Шаламов не стал читать Евангелие. Он его давно знал, а лагерная жизнь отучила его поверять происходящее высокими новозаветными заповедями и притчами. Второго «обращения» каторжника ко Христу в русской литературе не состоялось. Шаламов, большой поклонник Ф.М. Достоевского и его постоянный оппонент, несомненно, знал историю дарения Достоевскому Евангелия по пути его следования на каторгу в Тобольске одной из жен декабристов Н.Д. Фонвизиной. В этой книге, хранившейся великим писателем всю жизнь, исследователи обнаружили потом около 1700 его помет. Шаламов не пошел эти путем. «Время Достоевского было другим временем», — просто и жестко писал он. Поэтому его рассказ и называется «Необращенный», поэтому за вопросом писателя к врачу-миссионерке: «Разве из человеческих трагедий выход только религиозный?» — стоял заранее известный ему твердый ответ. Это был сугубо личный ответ Шаламова, всегда сопровождавшийся выводом из его многолетних наблюдений: самыми стойкими в лагере являлись верующие люди — «религиозники», как он их называл…
Фельдшерские курсы, несомненно, приблизили возвращение писателя к интеллектуальной жизни, его родной стихии.
Но сам уклад курсов — с ночлегом на нарах, в чистом, но бараке, с работой в дорожной бригаде — «чтобы не расслаблялись», с жестким распорядком дня, с постоянным контролем со стороны начальства, которое воплощал заведующий Центральной больницей Михаил Львович Дактор (его все называли «доктор Доктор»), врачебными делами не занимавшийся, но, как писал Шаламов, «ненавидевший заключенных» и «подлец законченный», — совсем не давал повода к каждодневной радости.
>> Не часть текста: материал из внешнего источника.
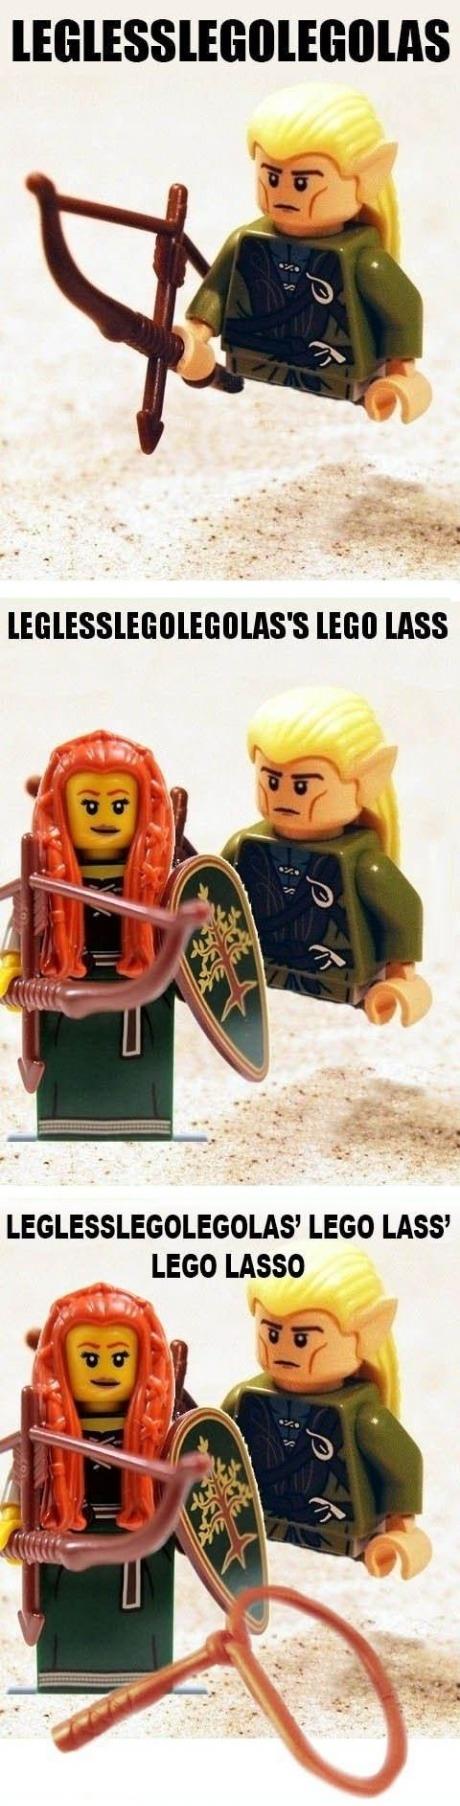 Legless Lego Legolas

По воспоминаниям одного из курсантов — И.И. Павлова, который хорошо помнил и Меерзона, и Уманского, и О.С. Семеняк, и самого Шаламова («…высокий и худой, преждевременно состарившийся, с изможденным лицом, в старой, третьего срока телогрейке и ватных брюках не по росту маленького размера»; автор однажды играл с ним в шахматы), — Дактор был штатным сотрудником НКВД, что и объясняет его поведение.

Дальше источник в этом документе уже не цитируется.